We children of Enlightenment put a lot of stock in our faculty of reason often limiting God to what our erudition can conceive. To the Corinthian Christians who placed great emphasis on what they knew, Paul wrote “but we proclaim Christ crucified, a stumbling-block to Jews and foolishness to Gentiles … For God’s foolishness is wiser than human wisdom, and God’s weakness is stronger than human strength.” (1 Corinthians 1:23, 25)

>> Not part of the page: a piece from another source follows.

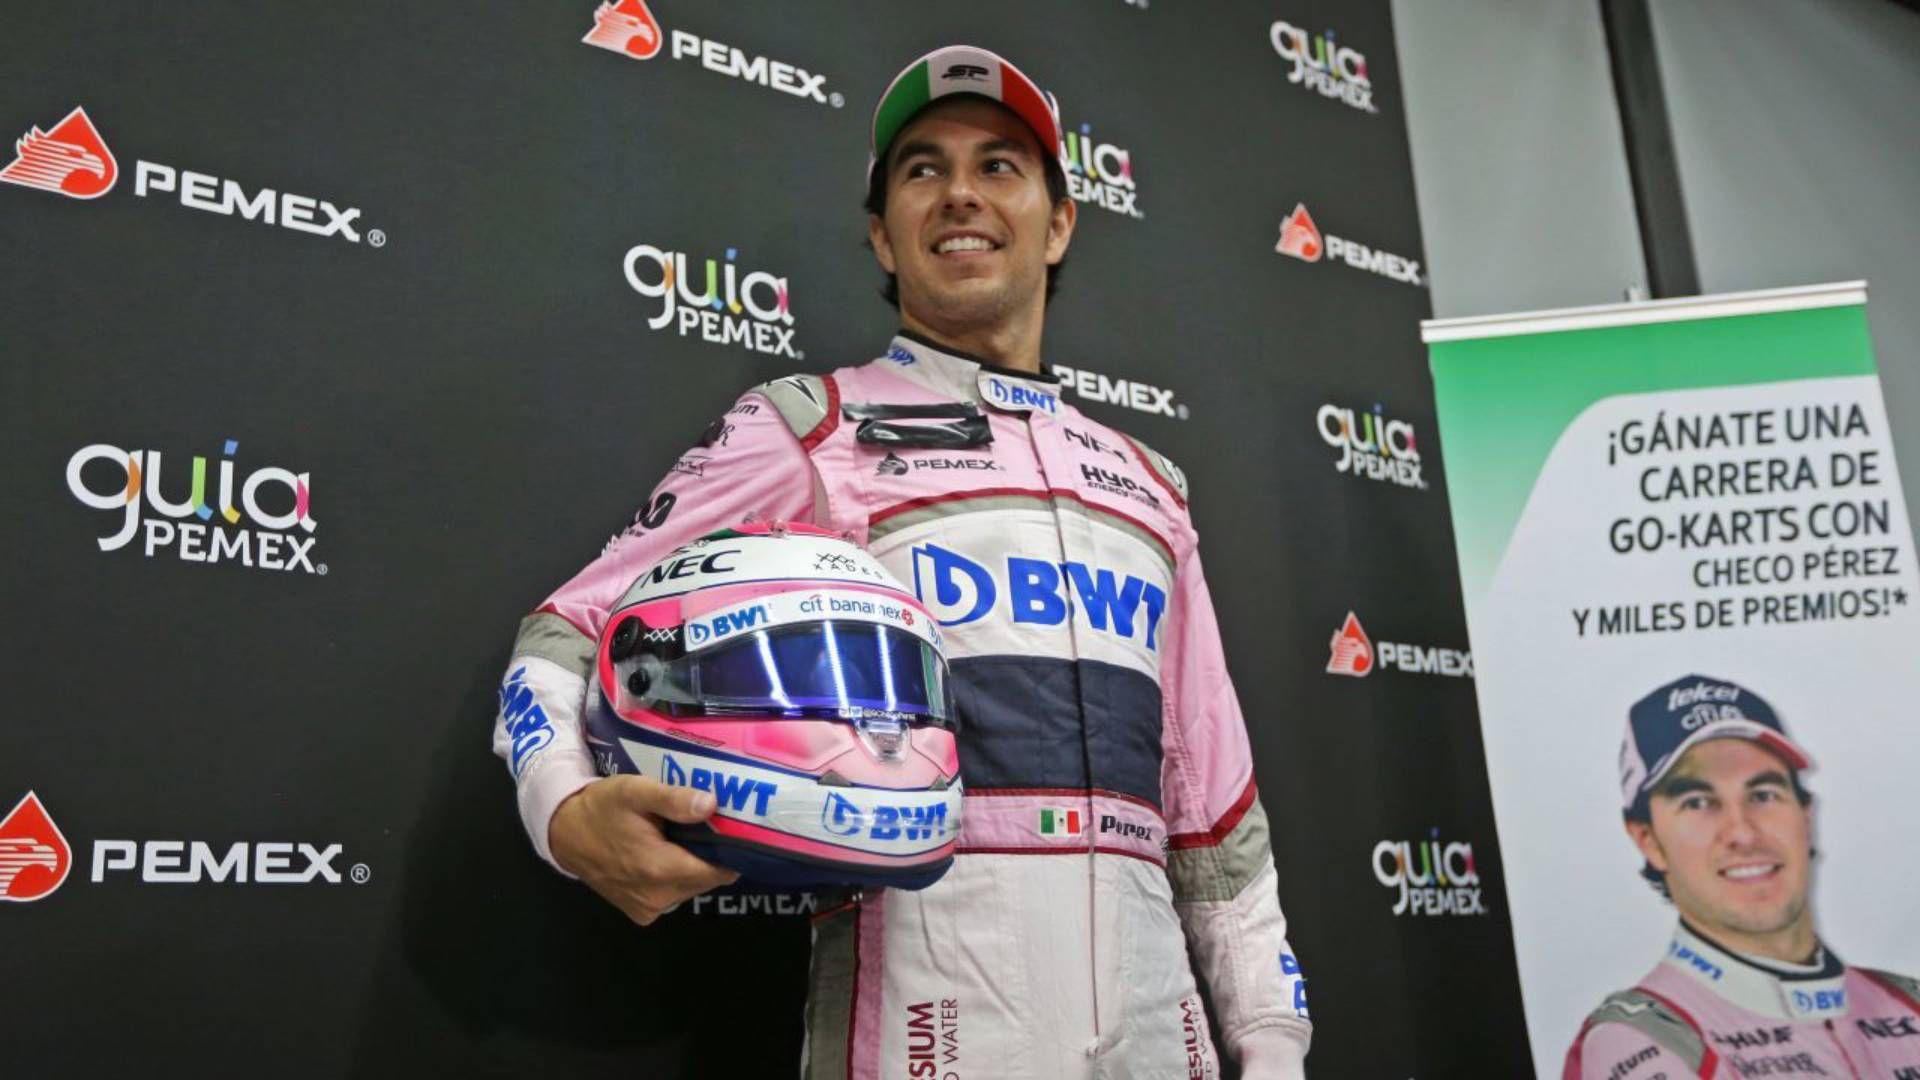 Checo Pérez es una de las nueve estrellas de la Fórmula 1 que aparecerán en la portada de un videojuego (Foto: Cuartoscuro)
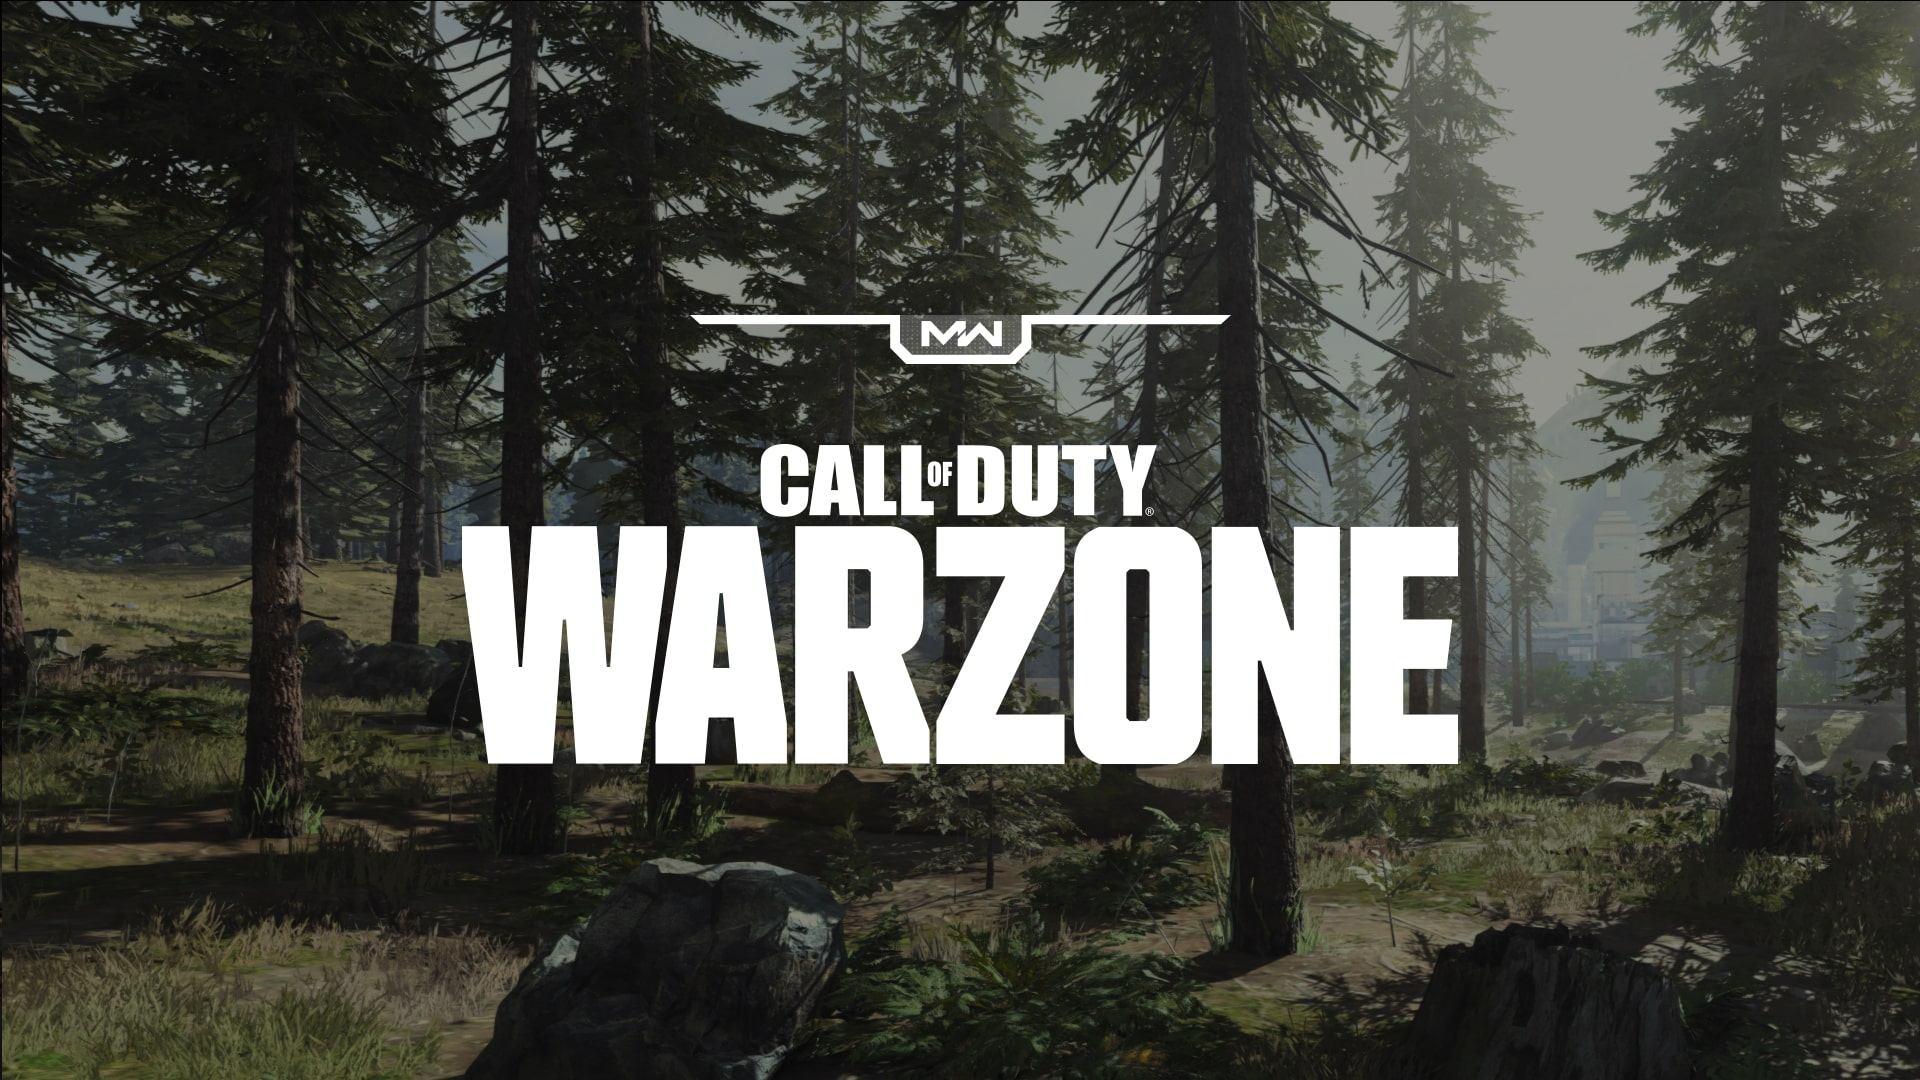 بازی Call of Duty: Modern Warfare و Call of Duty: Warzone

4. In a remote valley of northern California forty-two radio telescopes point skyward. The Allen Telescope Array is a new and powerful tool for an organization called the SETI (Search for Extraterrestrial Intelligence) Institute. The SETI Institute began decades ago, and this latest technological marvel represents a new phase in its cosmic search for extraterrestrial life. The array of large telescopes is "listening" carefully to the universe. In sync with each other, the telescopes read and record distant radio frequencies from across the universe, in the hope that something from the heavens will indicate the presence of an intelligent life form.

Friends, the gospel witnesses that we don’t need the Allen Telescope Array. The creator of our intellect is as close as our breath and but a prayer away. Faith begins by trusting as much of ourselves as we know of ourselves to as much of God as we know of him. We have heard today our Lord’s assertion, “My sheep hear my voice”; faith can begin with a prayer as simple as, “Lord, let me hear you.” And the very fact we would pray such a prayer is already an instance that he has spoken to us.

Many know the hymn—when the saints go marching in. When I hear Jesus say “my sheep” a repeated phrase in that hymn comes to my heart—“O Lord I want to be in that number.” Great shepherd, let me be named as yours. Hear what the great shepherd says for any who say yes to faith, “I give them eternal life, and they will never perish. No one will snatch them out of my hand.” I can’t imagine anyone in a clear frame of mind who would not want to be in that number.

We read today from the Revelation of St. John of “a great multitude that no one could count, from every nation, from all tribes and peoples and languages, standing before the throne and before the Lamb, robed in white, with palm branches in their hands.” In the vision the elders tell us the correct question to ask—“who are these, robbed in white, and where have they come from?” They are those who have “come out of the great ordeal.” John’s Revelation was written to Christians facing terrible persecution as a word of hope. Not even persecution could snatch them out of the Saviour’s hand.

Conclusion
A Sunday School teacher decided to have her young class memorize Psalm 23. She gave the children a month to learn the chapter. One little boy was excited about the task he worked hard to learn the lines. On the day that the children were scheduled to recite Psalm 23 in front of the congregation, this little boy was very nervous. When it was his turn, he stepped up to the microphone and said proudly, "The Lord is my Shepherd,” and froze, adding this “and that’s all I need to know."